Disease dissemination is related to the amount of inoculation, and the presence of immunosuppressive factors such as AIDS, diabetes, malignancy, and collagen vascular disease.

Systemic form of disease uncommon and occurs primarily in immunocompromised patients, with involvement primarily in lungs and joints.

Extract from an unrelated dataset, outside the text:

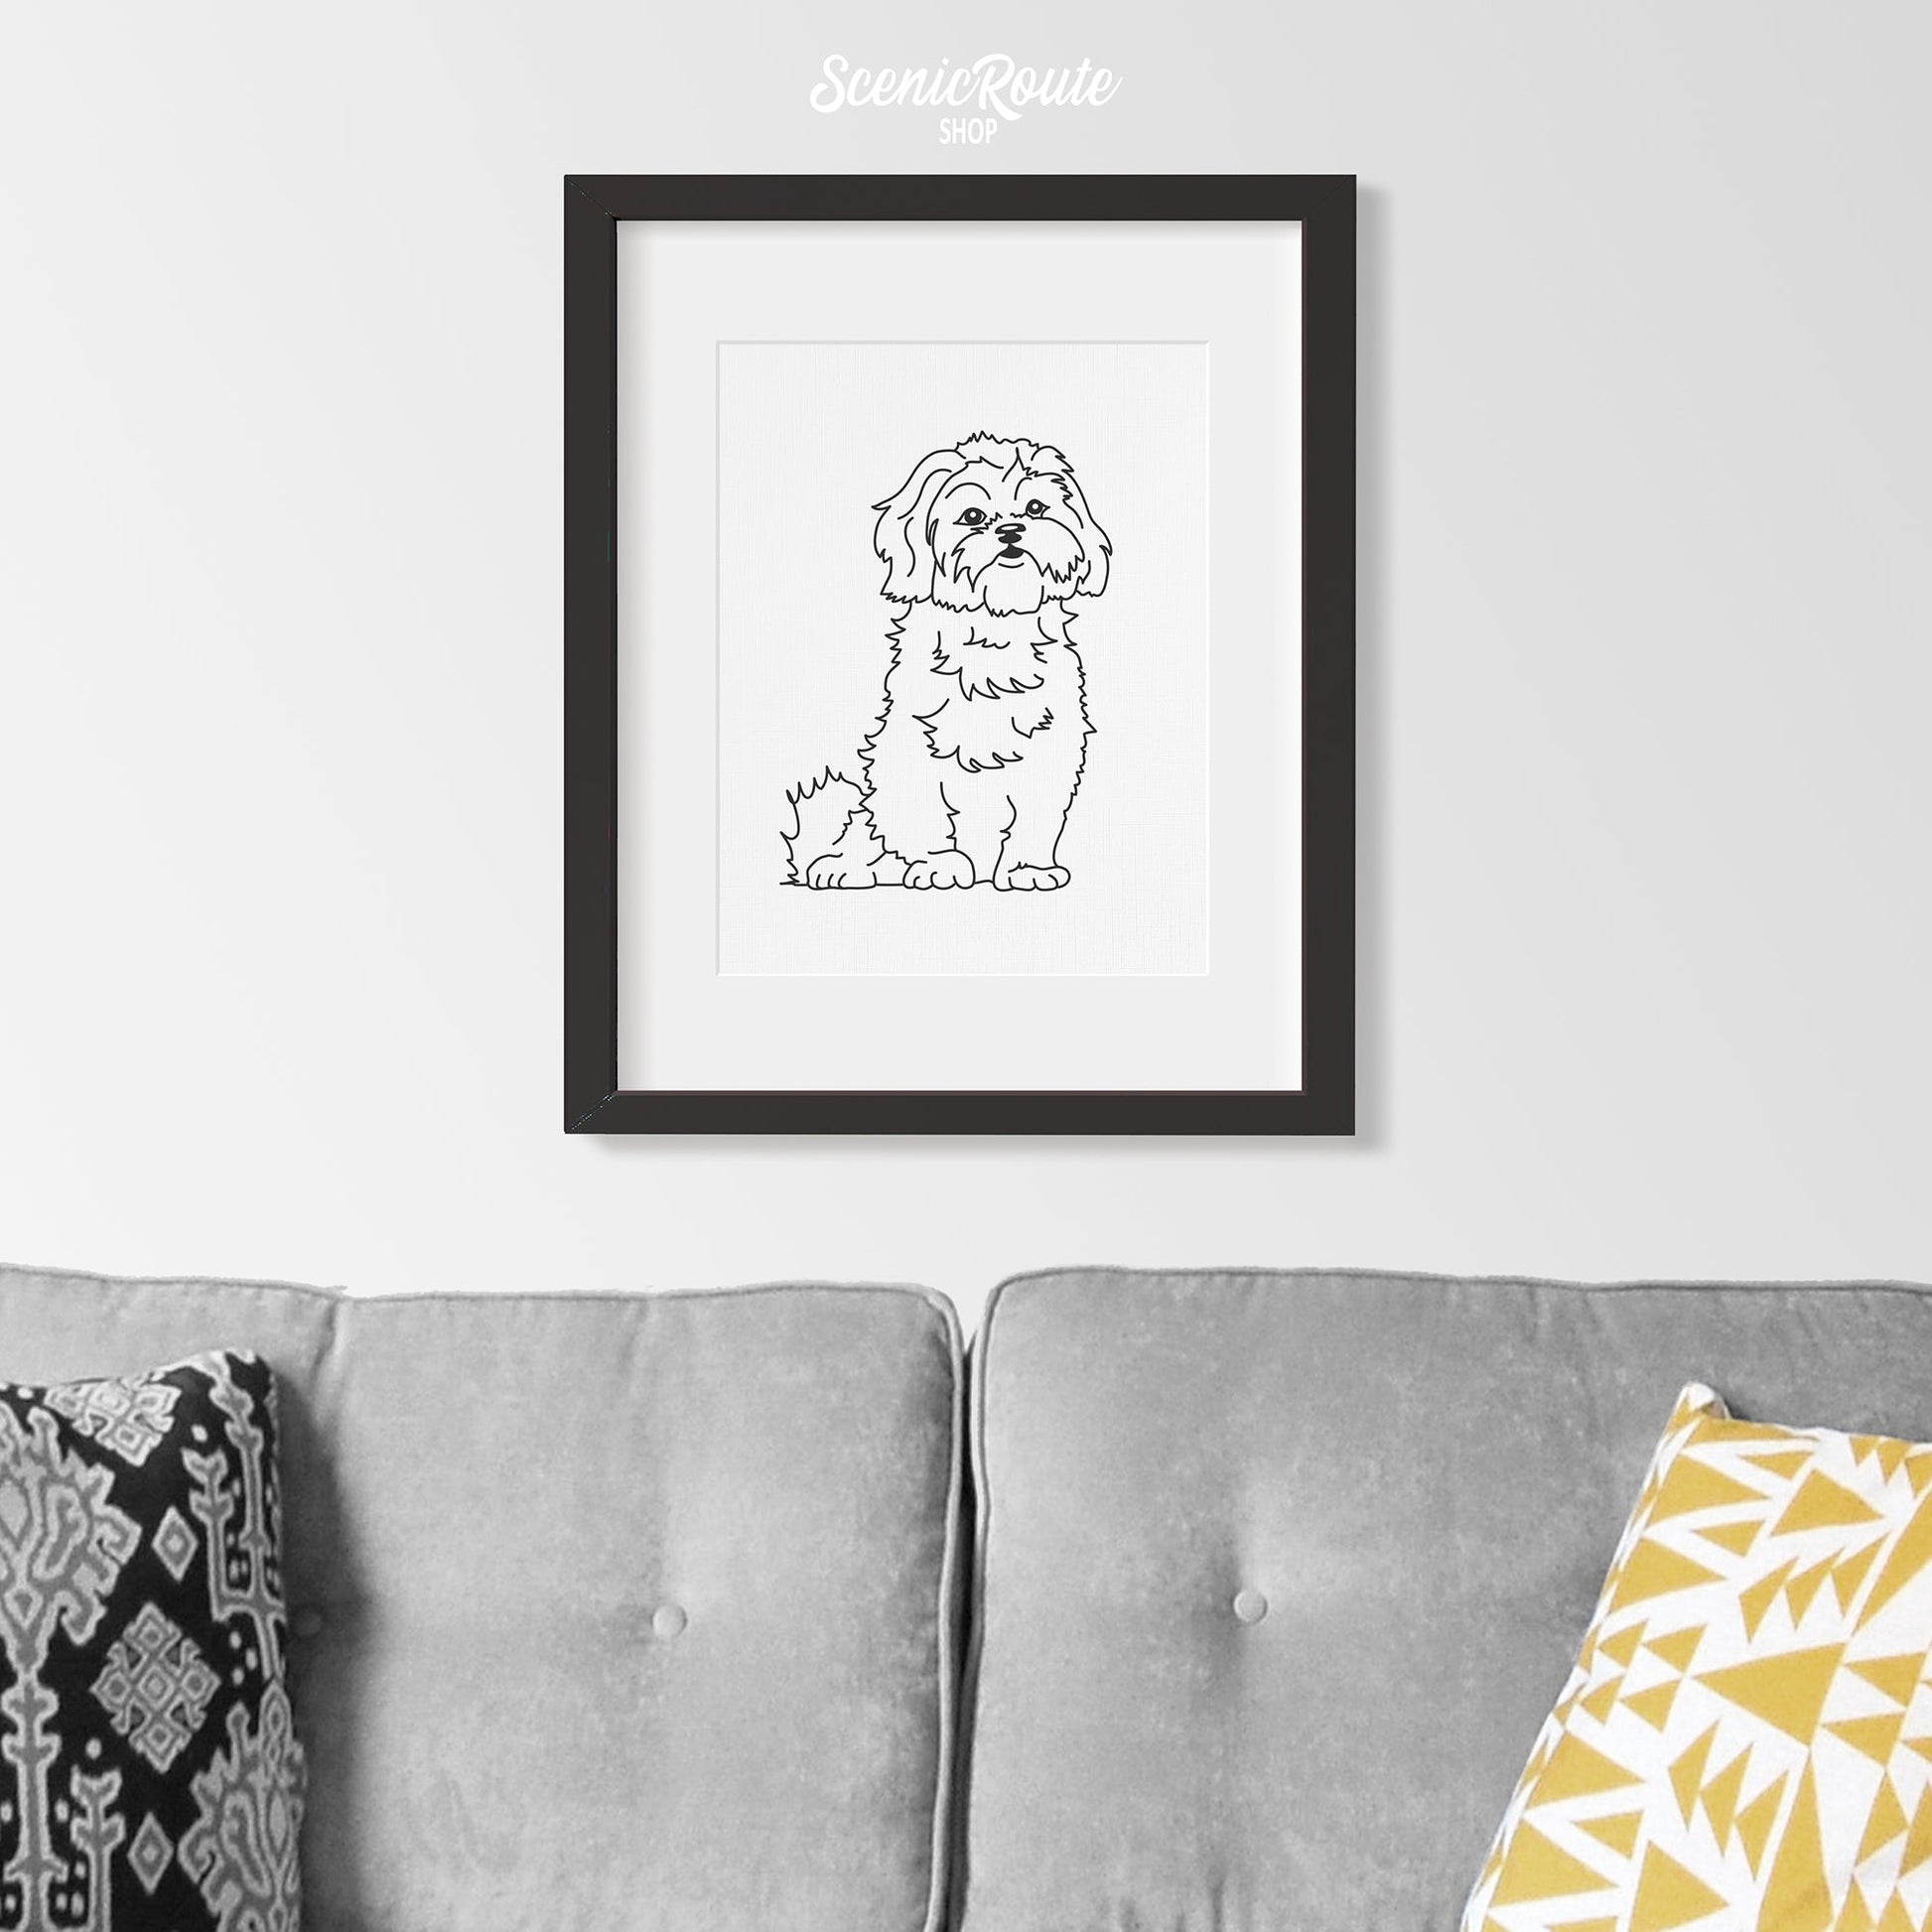 A framed line art drawing of a Shih Tzu dog hung above a couch

10% of population in Louisiana, Arizona and Mexico as indicated by skin tests.

More common in men.

Strong occupational correlation with gardeners, outdoor workers, and florists who sustain injury from plant thorns or who interact with sphagnum Moss or straw.

Many infections are subclinical and are manifest in patients with immune impairments.

Infection occurs by implantation of plant material or contaminated soil with fungus.

Sporotrichosis-biopsy confirmed by biopsy with PAS staining.

PAS staining displays individual cigar shaped to rounded budding yeast, with occasional asteroid bodies surrounding the yeast cells.

Can be cultured on Sabouraud glucose agar at 20°, displaying a white cream-colored colony which progressively darkens over the next 2 to 3 weeks.

Differential diagnosis includes blastomycosis, coccidiomycosis, histoplasmosis, lupus erythematosus, tuberculosis, herpes simplex, syphilis, leprosy, cat scratch disease, tularemia, anthrax, and cowpox.

Confirmation can be confirmed by histological diagnosis, direct microscopic examination of mycosis culture, and serologic techniques.

Treatment systemic antifungal agents: itraconazole, ketoconazole, and fluconazole for at least 1 month or until the lesion completely resolves.

In low income countries treatment is accomplished with potassium iodide topically.

Itraconazole is effective in 90-100% of cases.

Amphotericin B can be used to treat patients with extra cutaneous or systemic disease and who are immunocompromised or in patients resistant to itraconazole.

Delay in diagnosis may resultant pulmonary scarring, respiratory difficulties, meningitis, or death.